# Tradewinds Members Groups?...



## Whirl (Apr 27, 2011)

I know there is a Facebook group  out there, but I don't have an account  (and I don't really want one). 

But, I do want to  learn  ( and share what I can) from other owners. There used to be a Yahoo group ( to which I belong), but I don't think that is very active, if used at all anymore. 

We are returning to the BVI this summmer after  many years,  taking a family cruise and I would love to find some others to ask questions about logistics, tips for cruising with young ones, to find out more about the "Tradewinds Experience" ( so that we can be prepared for the pitch!).

Any suggestions?... Or if there is anyone who would like to share on these topics, that would be great!

Thanks.
Whirl


----------



## JoyceFNP (Apr 27, 2011)

there is a facebook group.  My husband is on facebook, so I make him keep me updated!

I just got back from the BVI trip last month.  It was great!  What would you like to know?


----------



## Whirl (Apr 27, 2011)

JoyceFNP said:


> there is a facebook group.  My husband is on facebook, so I make him keep me updated!
> 
> I just got back from the BVI trip last month.  It was great!  What would you like to know?




Which ferry service did you take?
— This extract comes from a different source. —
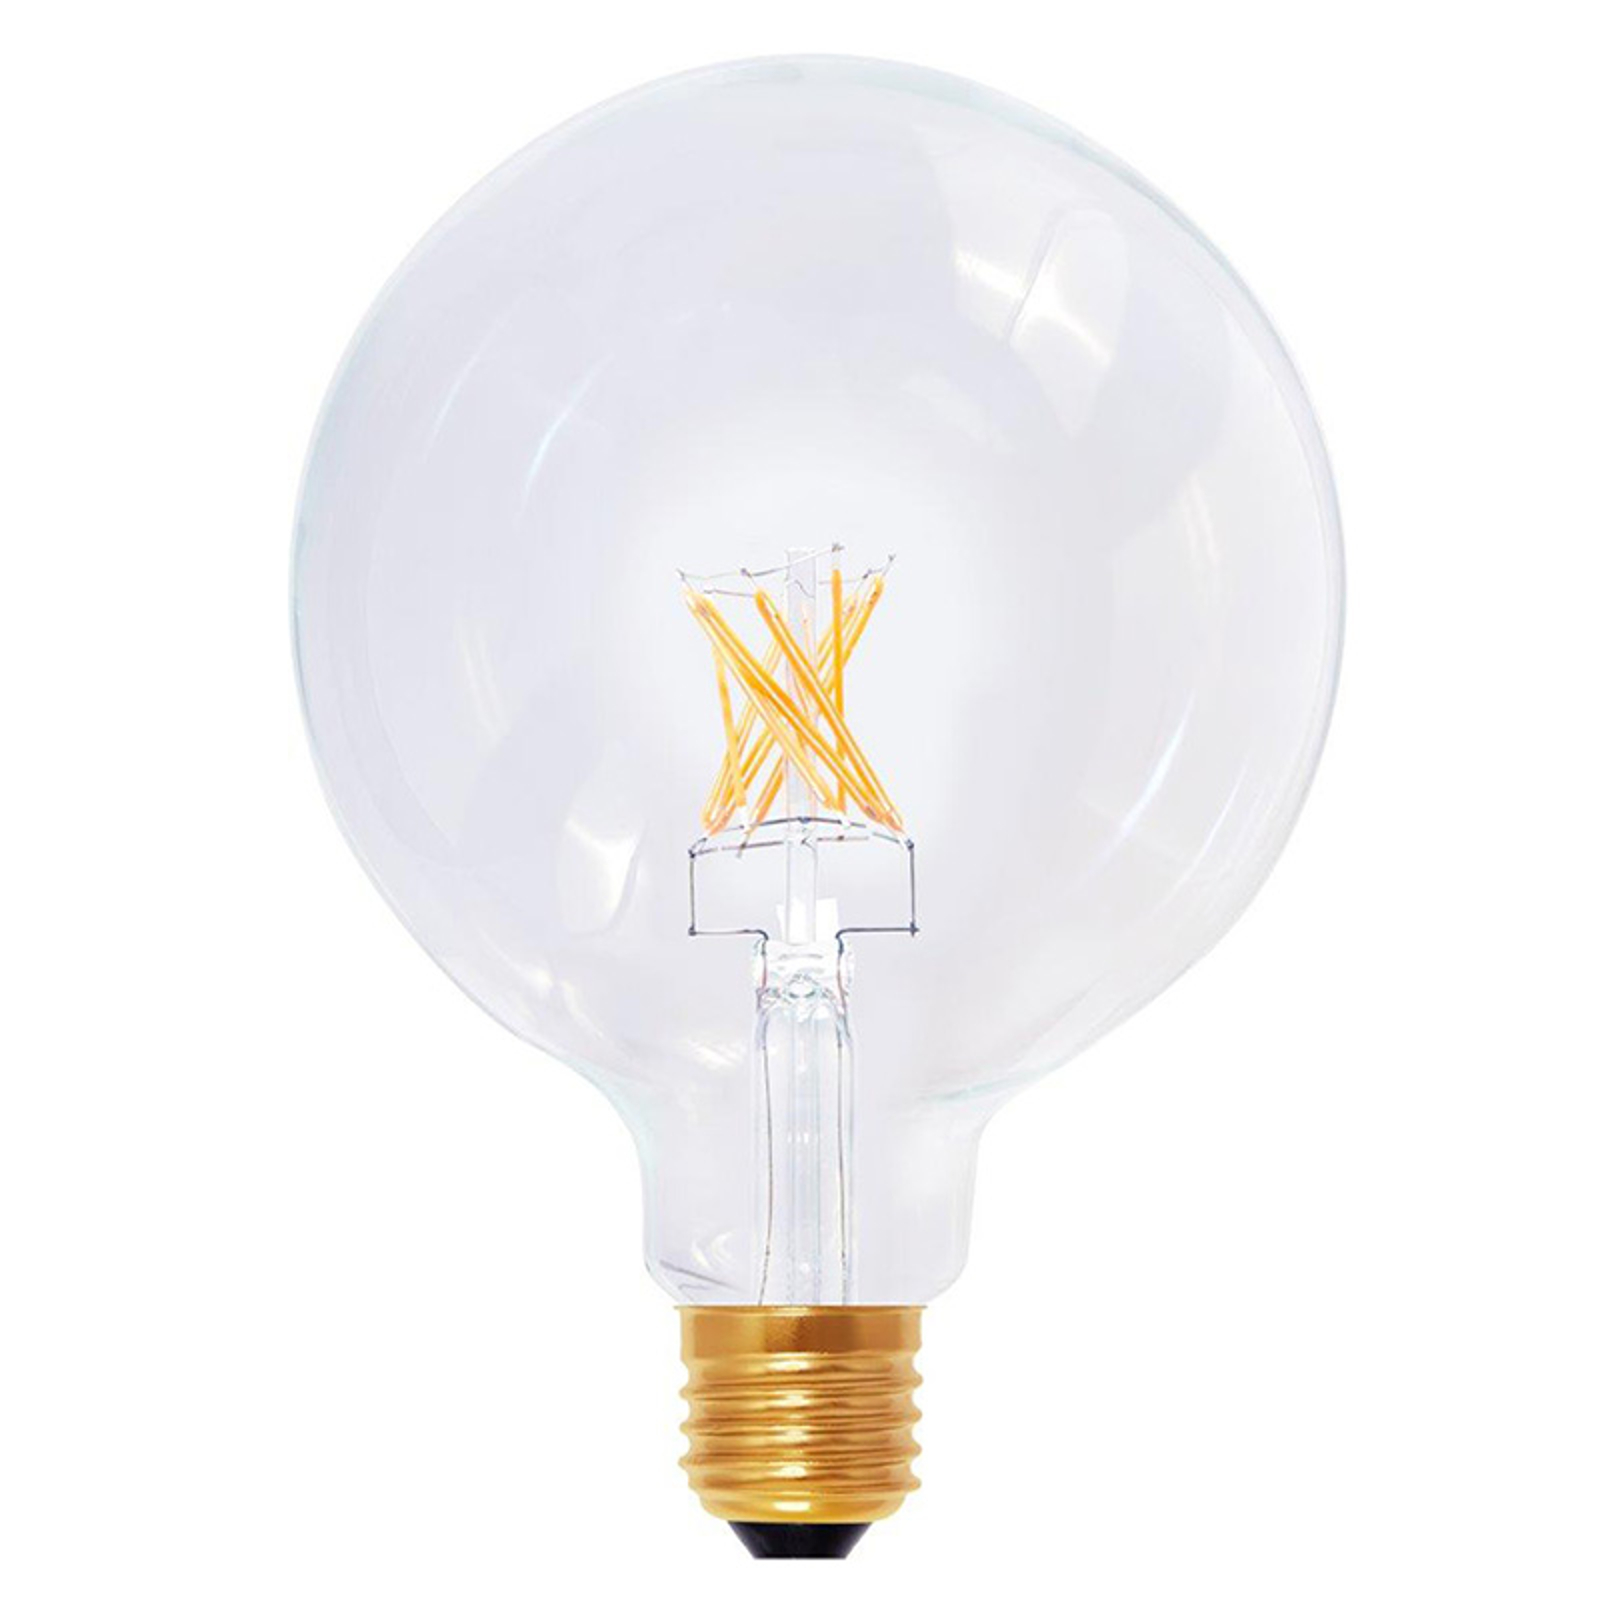 E27 8 W 922 LED-globepære G125 med glødetråder

Did you come in from STT? I have the links with the schedule and so far hope to catch the Road Town Fast ferry, since it goes direct Charlotte Amalie to Road Town. With the children in tow, efficiency is paramount. 

I am also very interested in any details you can share about the structure and pricing of the Tradewinds Experience, which I understand is the latest rendition of membership they are selling. We have enjoyed our mini membership; we were/are traditional members from the first iteration of the program - bought a half membership of six cabins and using the last of htem now for this boat. They were very flexible in how we used are weeks, once we started having kids and couldn't make it, but if the kids really love this, then we may consider re-upping. I want to have the benefit of being able to research before I go, so any details would be appreciated.  You could PM me if you prefer. It does not matter to me, but some prefer to keep financial details more personal.

Many of my other questions revolve around cruising with young children, so if you were not on a family cruise, I am not sure you can answer those.

Thanks so much,
Whirl


----------



## Whirl (Apr 28, 2011)

*Did I post this on the wrong board?*

....or are there just not enough non-facebook Cruisers around????

Any thoughts appreciated.....
Whirl


----------



## SciTchr (Aug 24, 2015)

We flew into St Thomas the day before boarding our Tradewinds boat in Tortola. We spent the night at the Galleon House, which is a small, no frills place on Governemnt Hill. They had a great hot, free breakfast the next day on a pretty patio with a view. Quick cab ride to the Charlotte Amalie fast ferry to Road Town. When you get to the base you can drop off your luggage and walk over to a little restaurant next door and relax until time to board.there is a big grassy area for the kids to play.

We bought into Tradewinds Experience resale. I don't know how the previous club worked to compare.

Have not been on a Family Cruise, so can't comment.

PS I just saw the date on your post....2011. Guess this post won't help you.

I belong to Tradewinds Cruise Club Cruisers Facebook group. You have to ask to join. Lots and lots of info there.


----------



## SkyBlueWaters (Feb 24, 2016)

Where can I buy resale? Thanks.


----------